Here's an article on separating, from a Christian perspective, that may have some application to your circumstance: When Should a Married Couple Separate? - Christian foundations - Christianity.com
It sounds to me that you (individually, not as a couple) need to find a good marriage counselor as soon as possible to advise you about what to do here. Things like bondage and porn really shouldn't be something any spouse should have to face in a marriage (although certainly many, especially men, struggle with porn in marriage). The statement that you were led to have abortions by your husband troubles me greatly. To me, that is a pretty serious form of abuse in itself if your husband basically forced you to do that. Also, one of the main reasons for marriage from God's standpoint is to have children, so if your husband is saying no to that, that is a big concern to me as well. All of these are big flashing red lights. So I am really struggling myself as to what your course of action should be, despite God's general desire that we should stay in our marriages if at all possible. Again, it sounds like you need to find a wise counselor.
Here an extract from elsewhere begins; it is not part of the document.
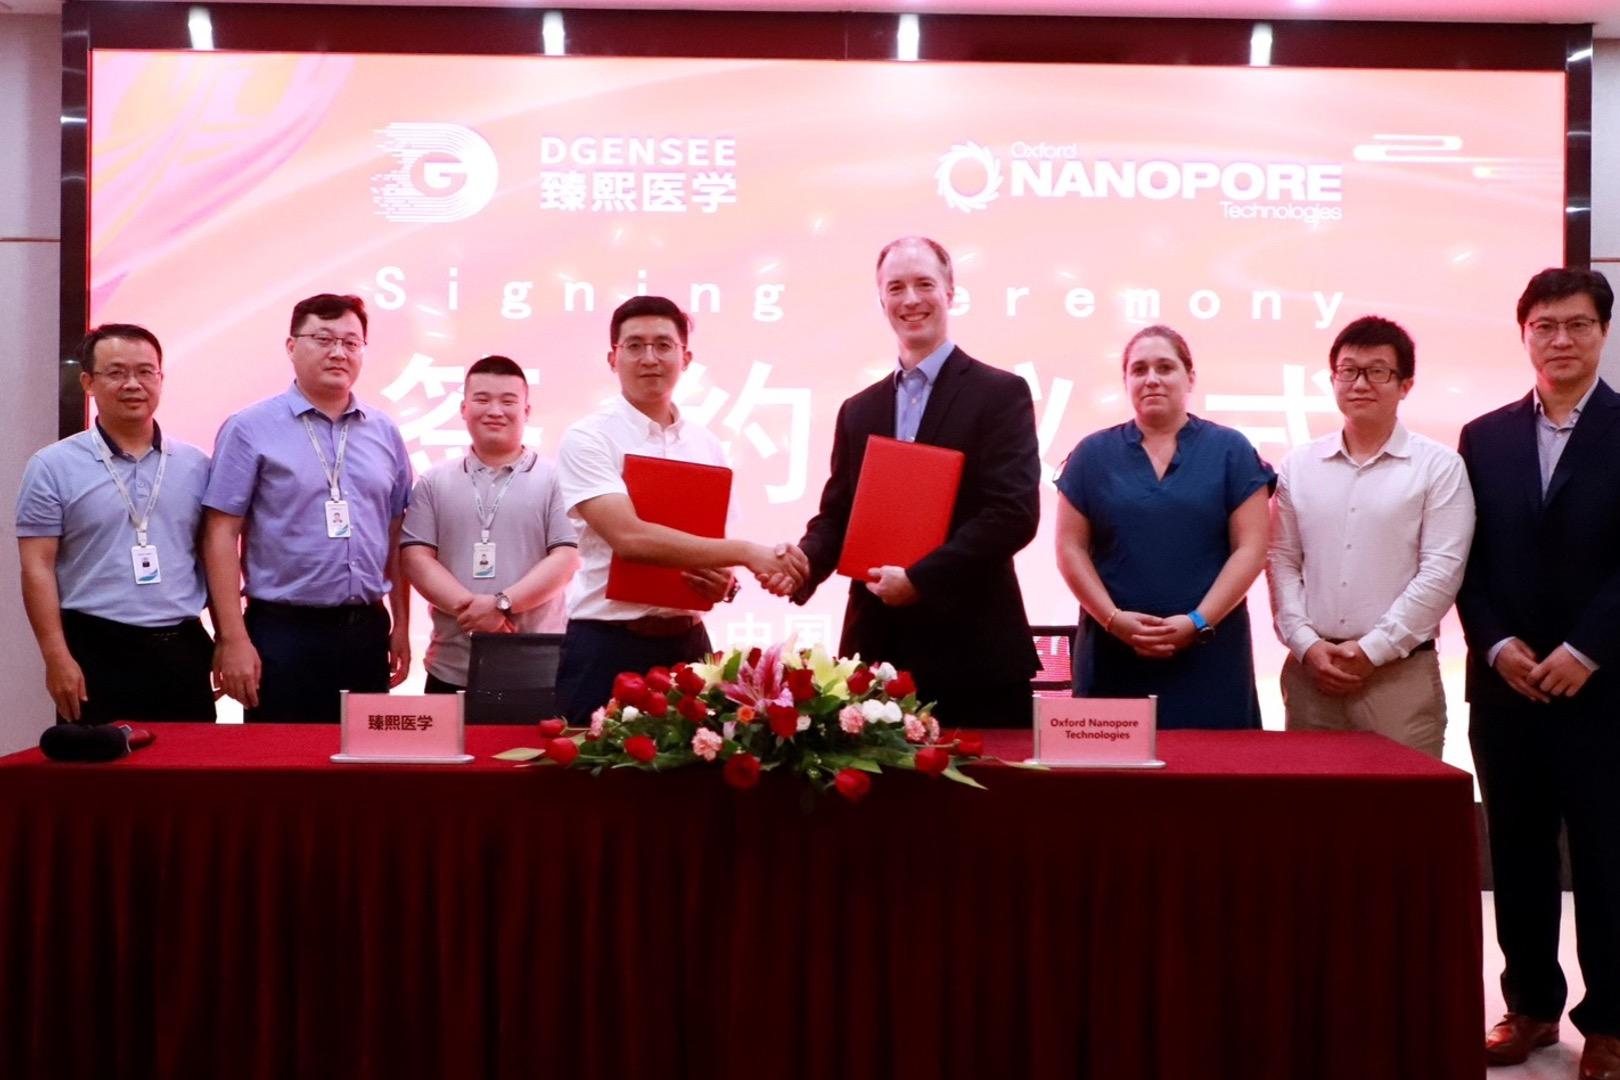 Oxford Nanopore Technologies and leading China-based diagnostic companies collaborate to bring nanopore sequencing-based in-vitro diagnostic tests to China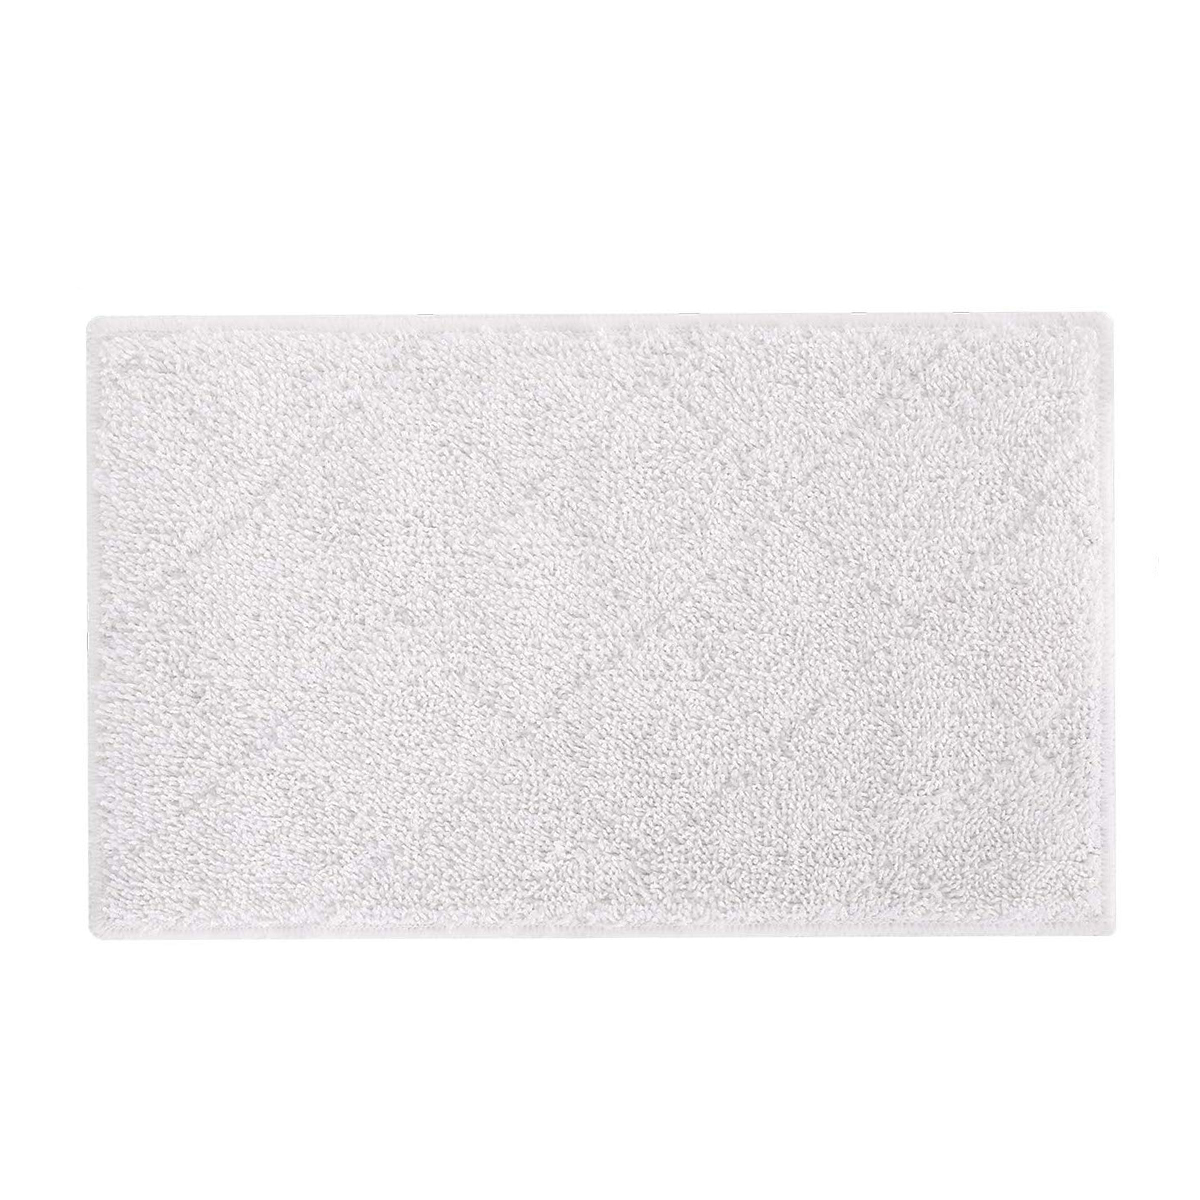 Replacement-Mop-Pad-Cleaning-Cloths-Covers-1590311-1

Also, if you have any leading in that direction, it may make sense for you to try to find a loving church that can support you in this situation. There are churches out there that are not judgmental or self-righteous and realize that many of us are going through tough situations--my church is such a church and hopefully you can find a similar church where you live. If they have a ministry where women in the church help counsel other women going through difficult times, that would be ideal.